1. Suitability Modeler

The Suitability Modeler in ArcGIS Pro 3.0 sees continued improvements in its capability, usability, and ability to work on large tasks.

Submodels

The suitability modeler now has the ability to split up complicated models into component submodels. Breaking down the analysis into logical groupings improves the ability for domain experts to collaborate within their areas of expertise. A central planner can then combine those specialized models to come up with more comprehensive overall plans to make better decisions.

Run on servers

You can now share and run suitability models on servers using ArcGIS Pro as a client. By running the models using Raster Analytics, you can take advantage of the power of distributed processing to perform analysis on larger datasets more efficiently than before.

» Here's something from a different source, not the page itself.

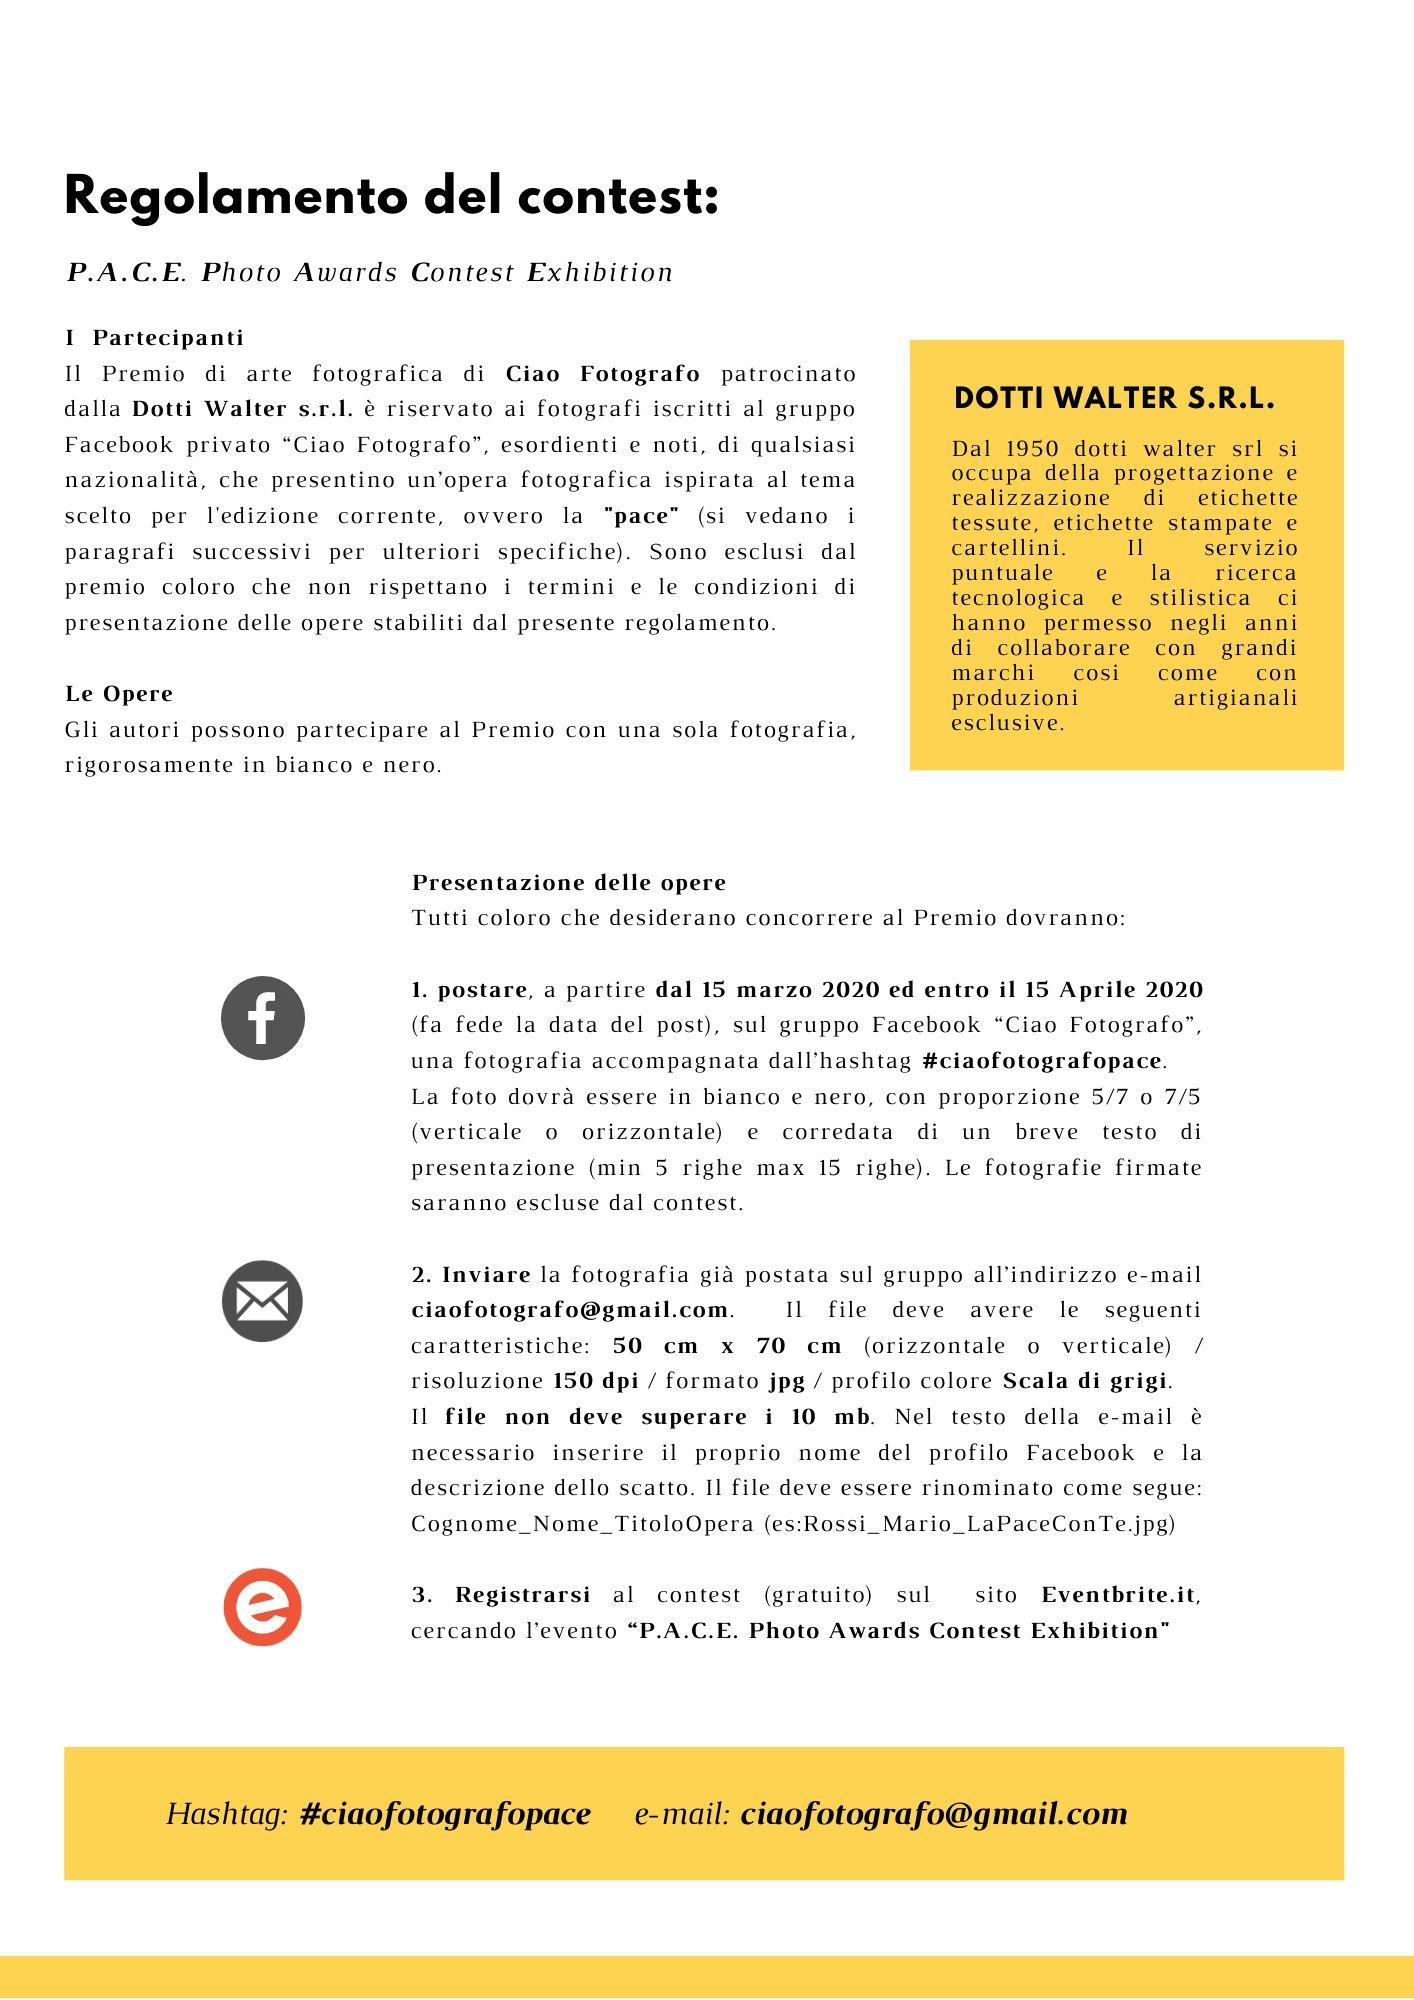 Pace Bianco E Nero p.a.c.e. photo awards contest exhibition biglietti, sab, 19

The process is pretty straight forward. First, the suitability model is shared as a portal item. When the model is run, the processing occurs on the servers, with the output being created as web imagery layers in the active portal.

 

2. Density Analysis

The new Calculate Kernel Density Ratio  tool uses two input feature datasets to calculate a spatial relative risk surface.  This is useful when the phenomenon being analyzed requires a control.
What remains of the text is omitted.